Data Analysis and Rating Prediction on Google Play Store Using Data Mining Techniques

Authors

  • Kayalvily Tabianan Faculty of Information Technology, INTI International University, 71800 Nilai, Negeri Sembilan, Malaysia
  • Denis Arputharaj Faculty of Information Technology, INTI International University, 71800 Nilai, Negeri Sembilan, Malaysia
  • Mohd Norshahriel Abd Rani Faculty of Information Technology, INTI International University, 71800 Nilai, Negeri Sembilan, Malaysia
  • Sarasvathi Nagalingham Faculty of Information Technology, INTI International University, 71800 Nilai, Negeri Sembilan, Malaysia

Keywords:

Google Play Store, Decision Tree, Analysis, Machine Learning Algorithm

Abstract

Google Play Store was formerly known as Android Market.

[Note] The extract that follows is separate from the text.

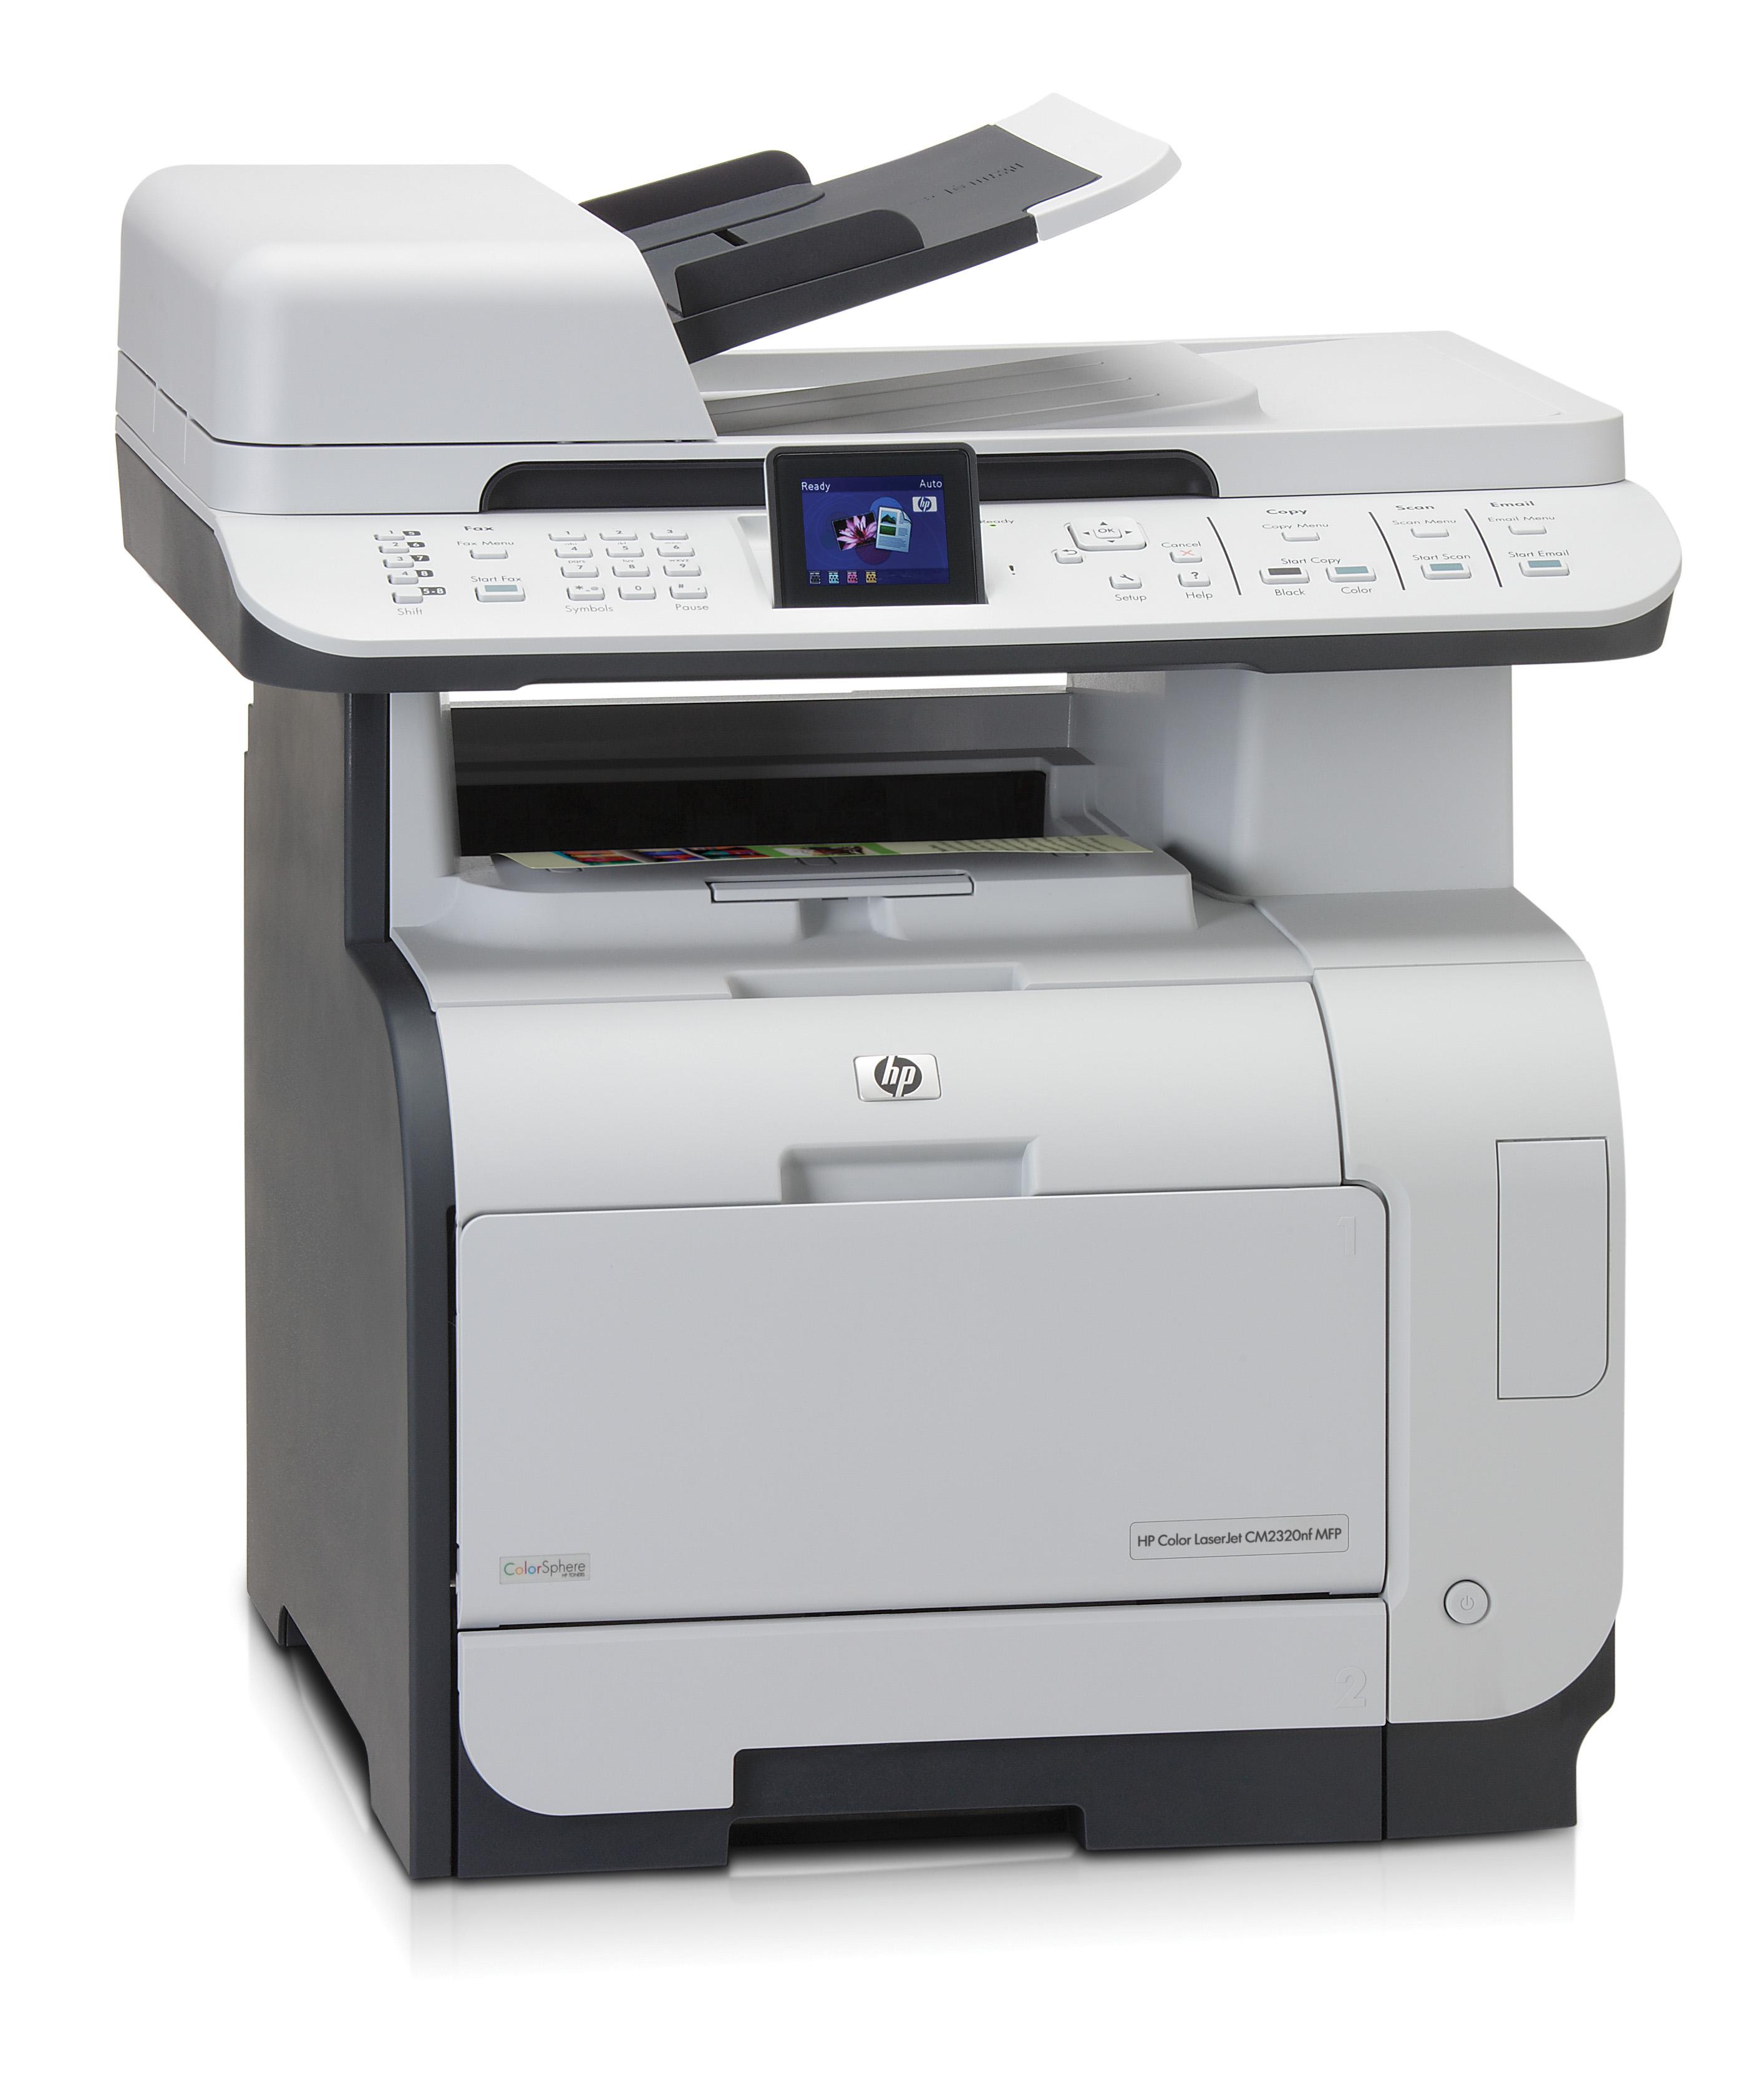 Принтер HP Color LaserJet CM2320nf Multifunction Printer

This biggest Android Application
(App) provides a wide variety of details on requirements such as reviews, quality, number of
installs, and explanations for device functionality. This study aims to predict the ratings of
Google Play Store apps using decision trees for classification in machine learning algorithms.
The goal of using a Decision Tree is to create a training model that can use to predict the class
or value of the target variable by learning simple decision rules inferred from prior data. This
method classifies a population into branch-like segments that construct an inverted tree with a
root node, internal nodes, and leaf nodes. The algorithm is non-parametric and can efficiently
deal with large, complicated datasets without imposing a complicated parametric
structure. This enables us to draw a comprehensive picture of the current situation on the
process of analyzing Google Play Store by Number of Downloading Rate and Rating in current
market trend. This will help the developers understand customers' great desires, attitudes, and
trends in demand. To understand more in-depth, the similarity between the functionality of the
device and to construct clusters of related applications. Then, analyze their characteristics
following features of interest. The datasets that the author used are collected from Google Play
Store (2019). In this research, the expected results have a more strong correlation between price
and number of downloads and similarity between price and participation.

Published

2022-01-08